Posted by Anonymous on 6 December 2009

Trouble with my overweight 240 pound and 70" heights. Dr can't balance medication. If I lower my calories, my blood sugar will be lowered. Hypoglycemia is my the most fear. I don't want to be fainted on the road or club house or anywhere.
Fred

Posted by Anonymous on 7 December 2009

Okay, that covers those who are overweight. What about those of us who are thin to standard weight for height, and who face diabetes? I am 5'9" and weigh 138, so my weight is not an issue (dress size 6). Yet I am on insulin at least 4 times daily. How'd this happen to me?

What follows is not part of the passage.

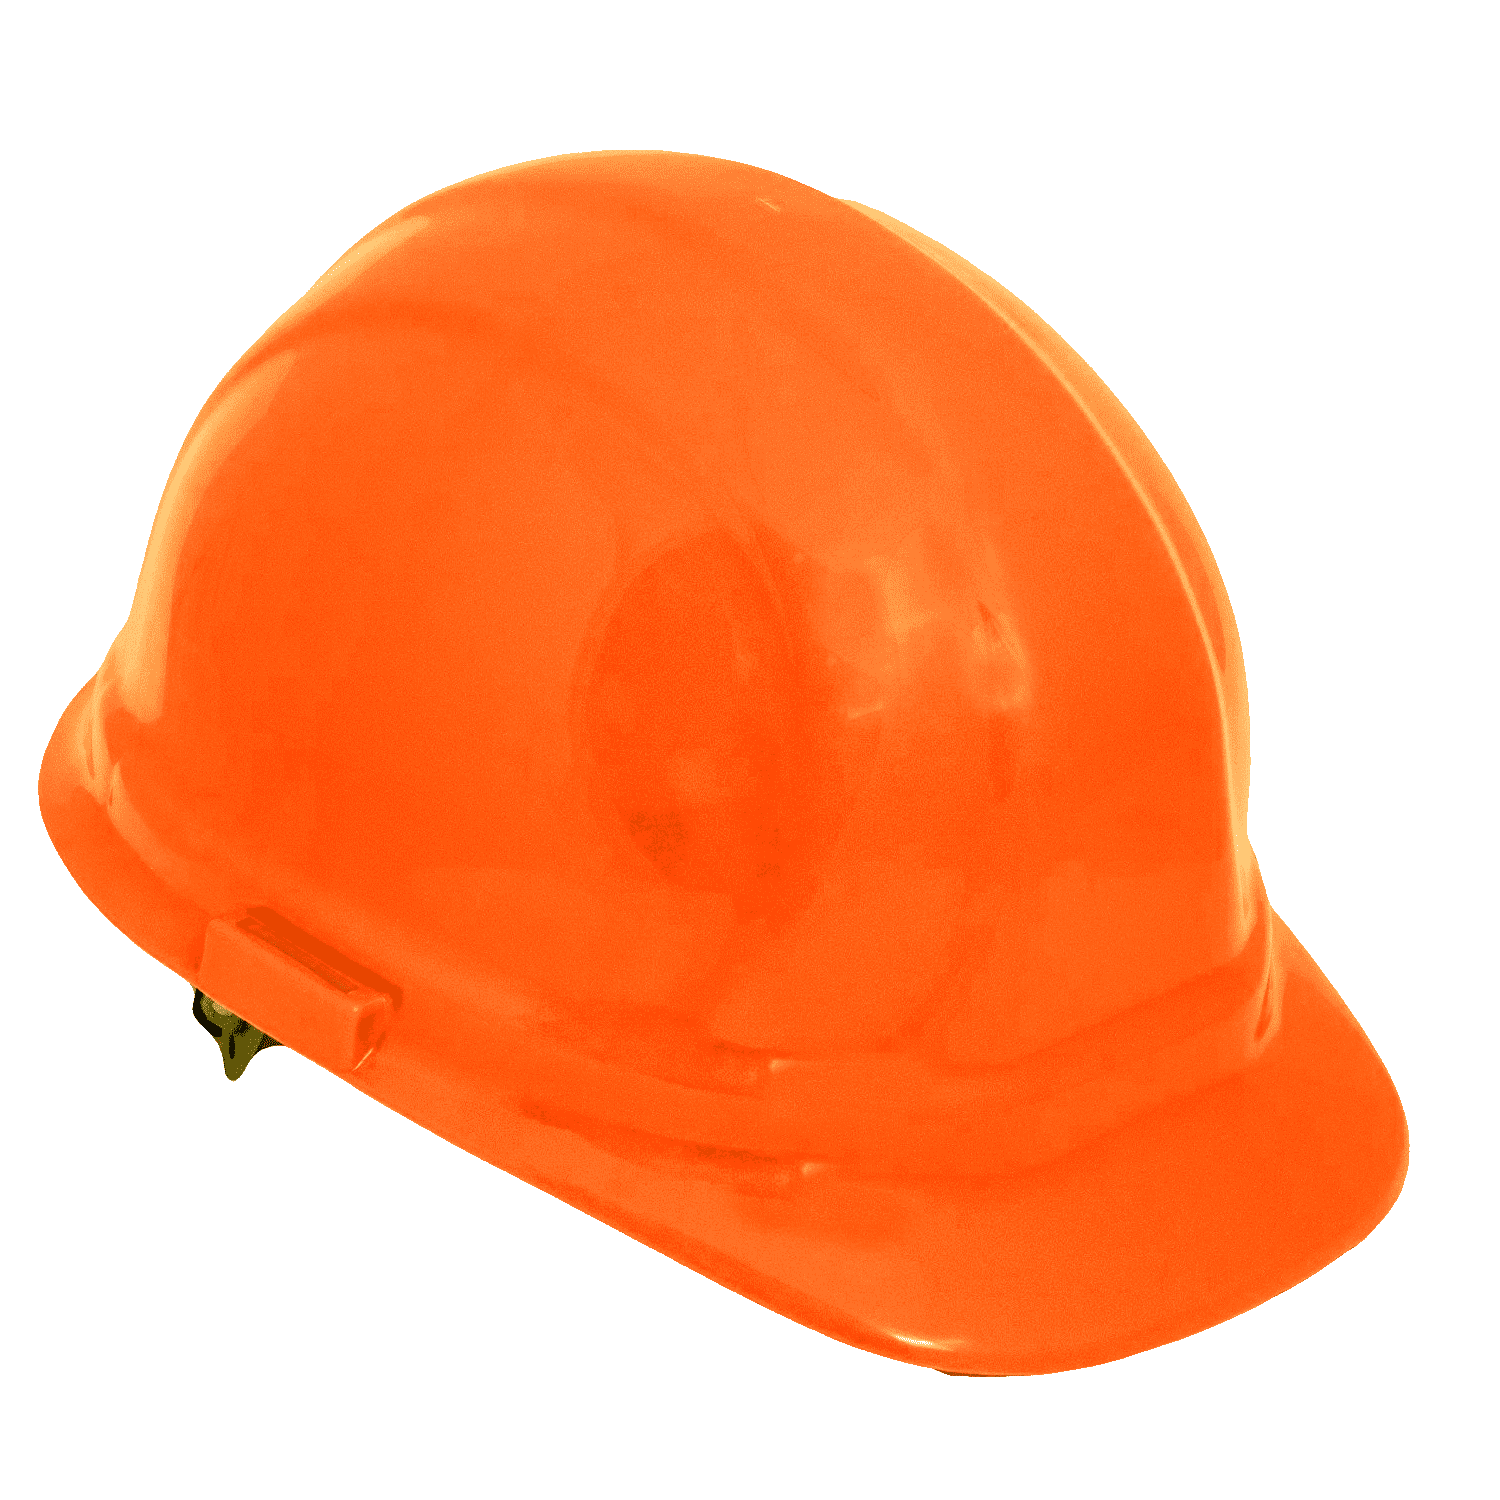 Hi-Vis Orange

Posted by Melitta on 7 December 2009

To the poster who wonders how they got "Type 2" diabetes when they are thin, it could very well be because you have Type 1 diabetes (that would explain the thin and insulin requiring) and have been misdiagnosed. A recent Australian study found that one third of those with adult-onset Type 1 diabetes (sometimes called LADA) had been misdiagnosed initially as having Type 2 diabetes. Antibody testing (glutamic acid decarboxylase antibodies (GADA), islet cell antibodies (ICA), and insulinoma-associated (IA-2) autoantibodies) and a c-peptide test can help to get a correct diagnosis.